Google said Nov. 14 that it has figured out why its DoubleClick advertising service went wonky the morning of Nov. 12, impacting more than 55,000 Websites displaying their content.
The huge Web services provider, in an email to eWEEK and other users, said it has determined a new strategy to prevent it from happening again.
The Web-serving mechanism that serves up millions of ads and targets them to specific sites sustained a major outage that slowed ad delivery or blocked access to 55,185 Websites, according to Dynatrace, an application performance management (APM) service provider. Those sites included eWEEK.com and other QuinStreet sites, such as CIO Insight, Baseline, IT Business Edge, Datamation and Enterprise Networking Planet.
Others affected were USA Today, the Wall Street Journal, Forbes, BBC.com and YouTube. The Guardian and the Enquirer news sites in the U.K. also were hit.
Google reported that the outage lasted about two hours, from 5:45 a.m. PST to 7:31 a.m. PST.
In some cases, such as eWEEK's, the non-delivery of the ads blocked sections of content on the site's home and article pages from resolving correctly in browsers. In other cases, no ads were served, and sites loaded faster than normal—to the delight of some readers.
"This was the first DFP (DoubleClick for Publishers) outage of this significance for many years and we take it very seriously," Google executives Neal Mohan (vice president, Display and Video Advertising) and Scott Silver (vice president, Engineering) wrote in a memo to users. "Our team's first priority was restoring service and making sure the immediate issue would not recur. We are writing now to explain what happened and what we are doing to protect against future incidents."
The details, according to Mohan and Silver, were:
- "The DFP ad server relies on an internal service that began degrading in performance. This caused a cascading failure on DFP ad servers, leading to the outage."
- "We designed our systems to gracefully handle performance degradation from dependent services. However, due to a misconfiguration, we were unable to prevent the outage."
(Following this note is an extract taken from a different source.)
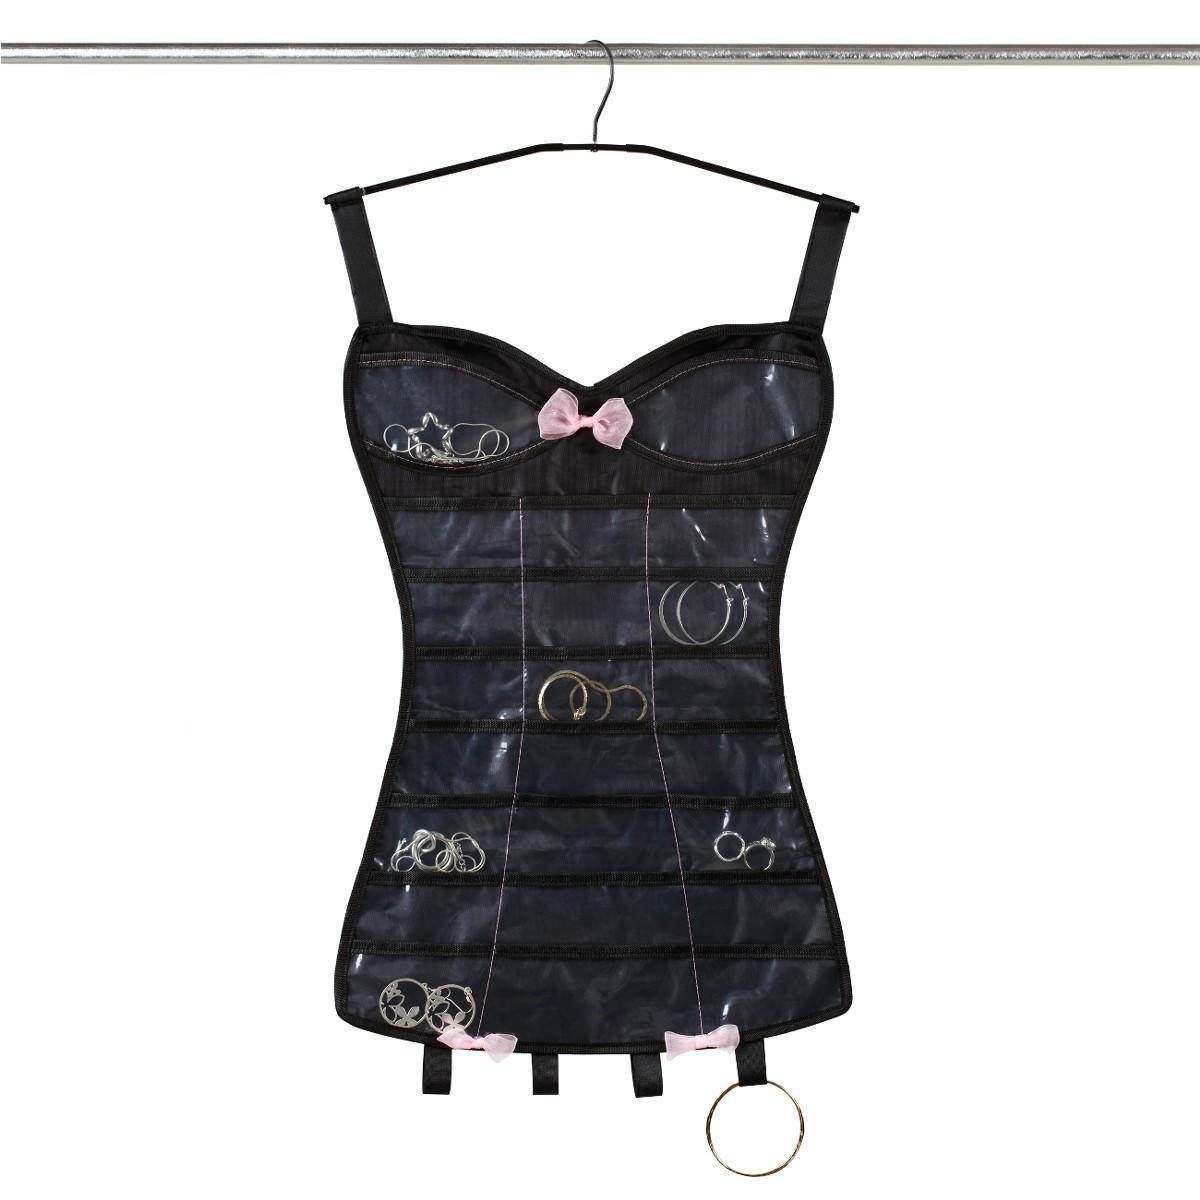 Little Black Corset - sieraden organiser

- "To restore ad serving and prevent cascading failures, we restarted the services by provisioning additional resources."
- "We reproduced the failure in a test by degrading the availability of the internal service, proving the misconfiguration caused the cascading failures. We have since rolled out a fix to the configuration globally."
- "We are conducting a complete review of all our processes and production configurations to prevent this from happening again."
Data from Dynatrace indicated that almost every industry was impacted by the outage, including travel, news, entertainment and retail sites.
"It's rare for an organization of this maturity to suffer a major outage. These people are really good," David Jones, director of sales and APM evangelist at Dynatrace, told eWEEK. "We've seen nothing of this scope in recent memory."